Sequence logo plot of amino acid abundance in TPR and TCH of 42 proteins of known structure (Table 1). The plot was performed as previously described¹² from 3TPR (A) and the adjoining Leu7-centric 11-mer peptide in the TCH (B), as described in the “Results” section. The major signature residues of TPR are indicated in black font, while the TCH-interactive residues are in red, showing that the 2 populations are different. TCH indicates TPR-companion helices; TPR, tetratricopeptide repeat.

Interestingly, most of the frequently occurring signature residues of TPR, notably 3A, Y4, G8, A20, and P32 (Figure 7A), tend to be absent in TCH interaction (Figures 6 and 7A, Table 2) which is due to their location on the other side of the helix or at different angles, as viewed in the available 3D structures (not shown). Thus, the TPR amino acids may consist of 2 functional classes, those involved in TPR function per se, and those engaged in making contacts with the TCH, possibly for the maintenance of structure and solubility.

Unfortunately, sequence logo plot could not be directly applied to full-length TCH sequences, as the operation requires sequences of identical lengths. In an effort to circumvent this hurdle, I concentrated on Y24 (Tyr24), located in the middle of the B-helix, as the single most frequently interactive amino acid in the TPR, which often interacted with Leu in the TCH, roughly at position 7 in independent numbering (Figure 6). Here and elsewhere, I have used “position 7” more as an eponym rather than an exact position count for all TCHs because, as mentioned before, the TCHs are of variable lengths, connected to the B-helix by spacers that are also of variable lengths. It is fair to assume that the proper alignment of the TCH with the B-helix is achieved by energetically optimal contacts (eg, Table 2) and not by absolute amino acid number count. All TCH sequences containing Y24-interactive Leu (from solved structures as well as corresponding locations in predicted structures) were sorted out and aligned by the Leu. The largest common denominator of the length of these peptides was 11 amino acids, with 5 amino acids on either side of the central Leu (Figure S3). A total of 38 such 11-mers were then subjected to sequence logo plot. As seen in the plot (Figure 7B), Leu stands out as the lone amino acid in the seventh position, evidently because the peptides were selected for its presence; reciprocally, no amino acid dominates in the other positions, further underscoring the heterogeneity in the sequence. Nevertheless, there were hints of some preference of aliphatic hydrophobic residues Leu, Ala, and Val at position 10, and basic residues Arg and Lys at position 12. Although not explored further, it is likely that this preference complements the interacting amino acids in the cognate positions of the B-helix.

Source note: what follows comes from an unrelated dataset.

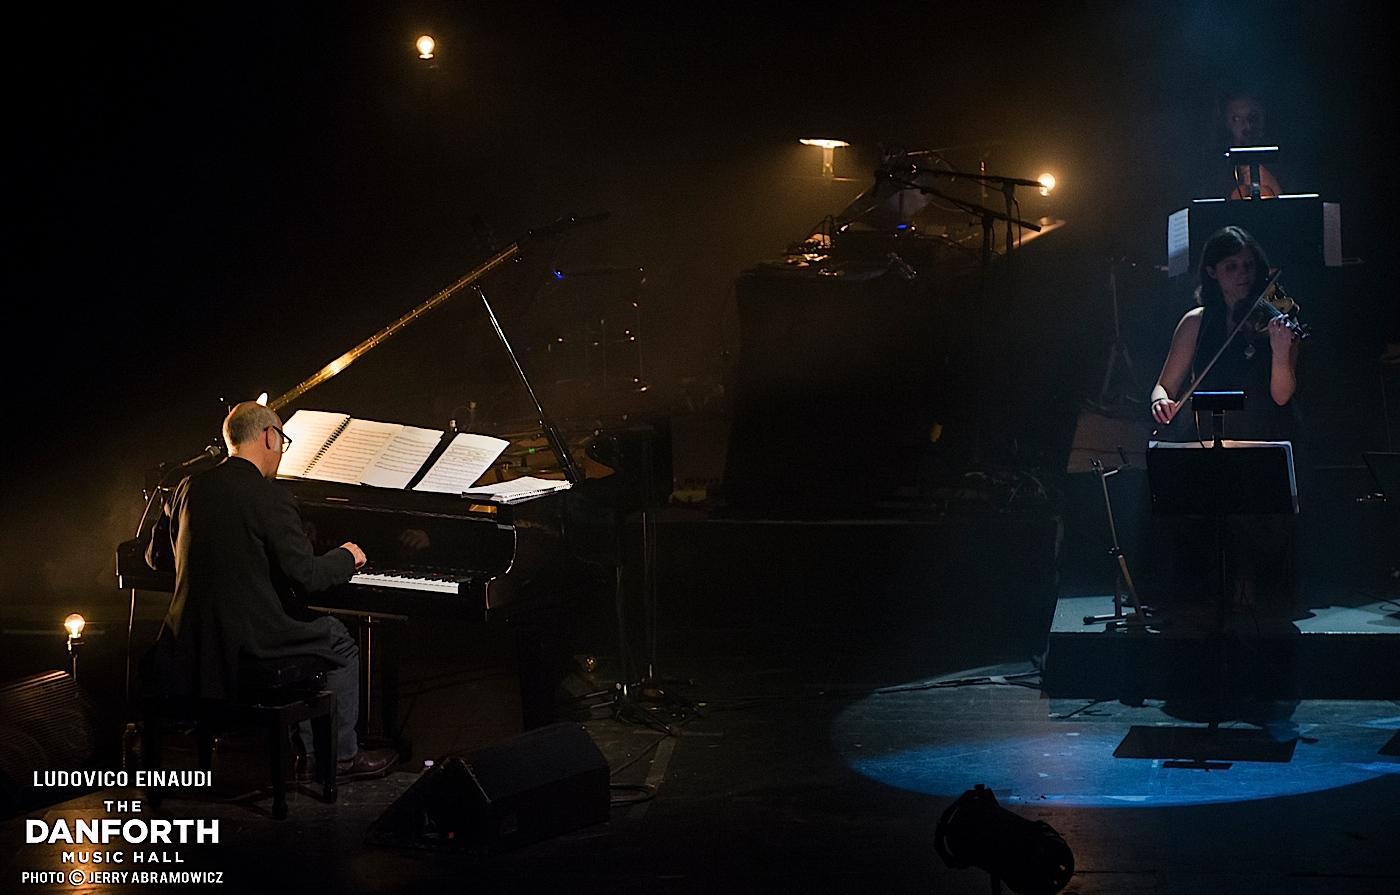 20130517 Ludovico Einaudi performs at The Danforth Music Hall Toronto 0195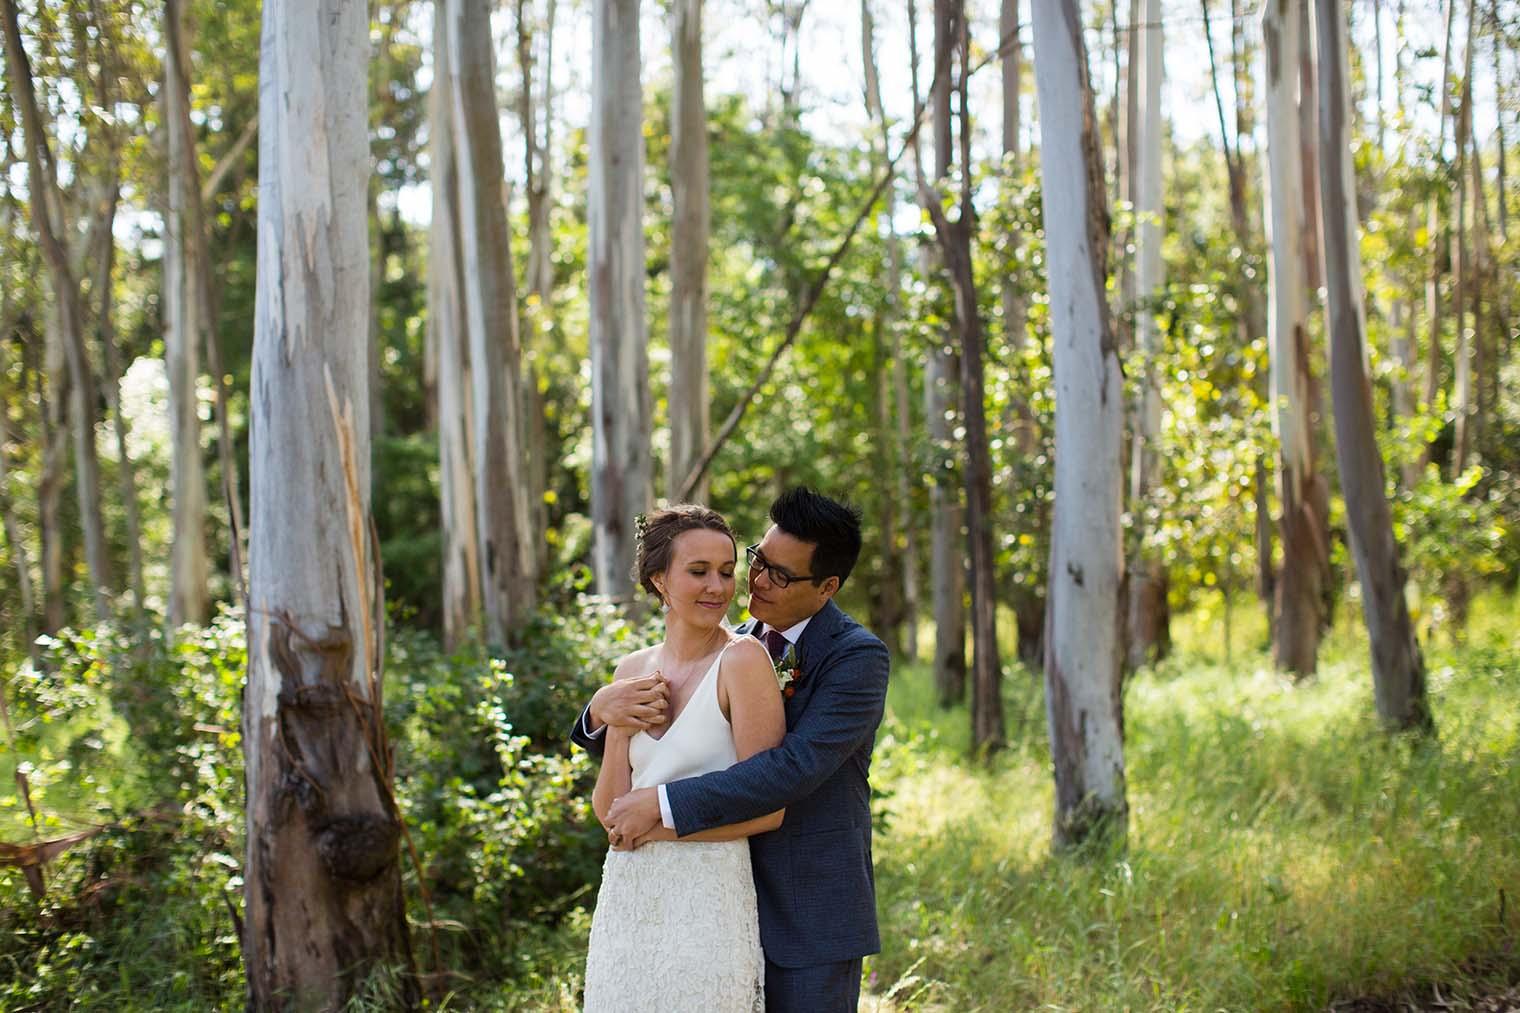 jack london state historic park wedding photos

Covariation of interacting amino acids

Preference of interaction between two amino acid residues is also reflected in their covariation, which was previously noted for interaction between two TPRs of the 3TPR modules.⁴ In conducting a similar analysis between TCH and TPR, I considered not only Y24 of the TPR but also L24 and F24, the second and third most interactive amino acids in the same position. The frequency of their interaction with all 20 amino acids was then plotted in a 3D multi-bar plot (Figure 8A).

Figure 8.

Covariation of position 24 of TPR and interacting position 7 of TCH. (A) The 3-dimensional multi-bar graph plots the frequency of all 20 possible amino acids (shown in single letter codes) in TCH that were found to make contacts with Y24, F24, or L24 in the TPR B-helix. The major interacting bars are indicated. (B) Visualization of interaction between Y24 and L7 (in PDB 2VYI) and between L24 and A7 (3 bonds, in PDB 2XEV), depicted in space-filling model. The actual position numbers of the amino acids in the full-length polypeptides are Y182-L199 (in 2VYI) and L98-A114 (in 2XEV). TCH indicates TPR-companion helix; TPR, tetratricopeptide repeat.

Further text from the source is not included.